8/10
Dog Watch
6 October 2005
Warning: Spoilers
I don't really understand the approach that some people bring to commenting on a given film. I'm speaking specifically of what appears to be what I can only describe as resentment that a given actor - Duke Wayne is a prime example - appears to play himself in every film when that aberration is the very thing that has propelled him to stardom. Surely if it's widely known that, to take another example, Fred Astaire specialized in musical films that called upon him to sing and dance and YOU don't LIKE musical films then why pay money to see them and then moan because the leading player does what he is best known for.
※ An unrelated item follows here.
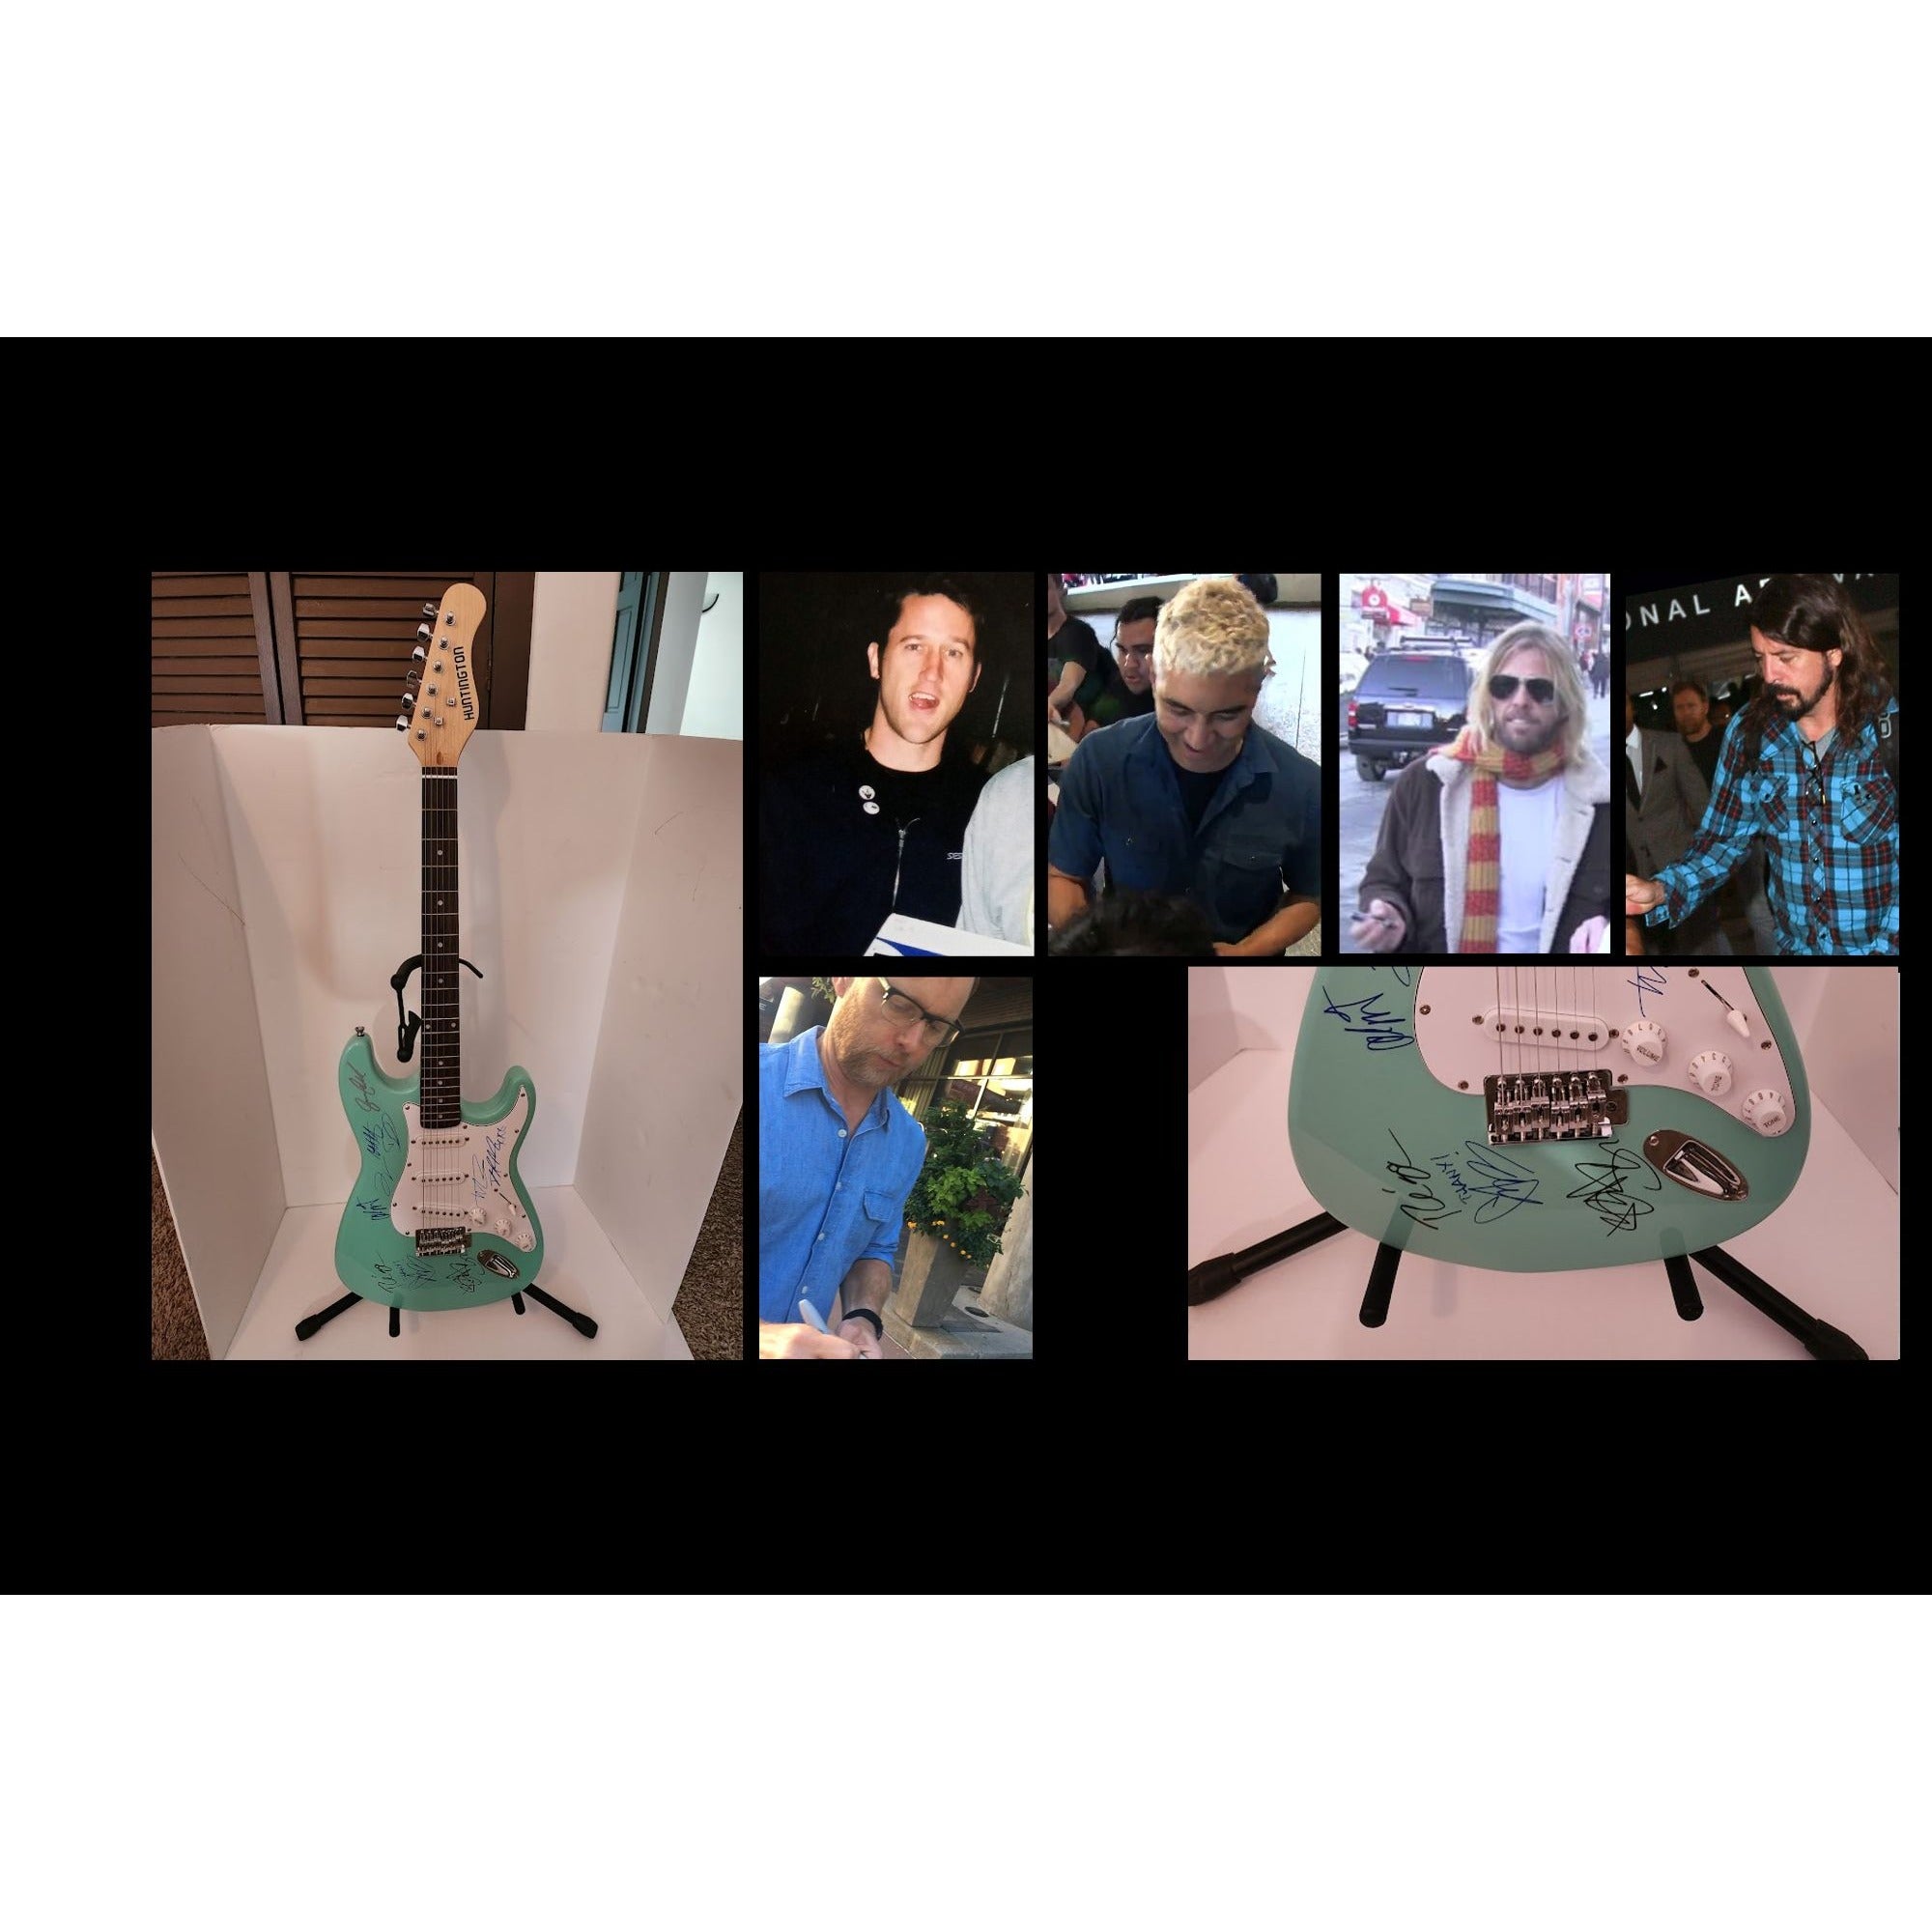 David Grohl, Billie Joe Armstrong, Chris Cornell, Jerry Cantrell signed guitar with proof

Jean-Pierre Bacri who is as fine an actor as he is a writer, which is saying a lot, has developed a persona of morose, misanthropic grouch and polished it until it gleams but most people who regularly watch French films know this and choose to celebrate the ease with which he assumes this persona rather than finding fault with it. In Kennedy et Moi he displays yet another facet of this character playing as he does a writer who is fresh out of ideas and is in addition undergoing a mid-life crisis. Sam Karman, who appeared in the original stage production of Cuisine et Dependences which was co-written by Bacri and his long-term partner Agnes Jaoui, and subsequently played alongside Bacri and Jaoui once more in the film version, has written and directed a fine film that explores this all-too common subject. Bacri is excellent as always and Karman himself offers fine support as does another fine actress-turned-director Nicole Garcia as Bacri's wife. This is a modest film but highly enjoyable.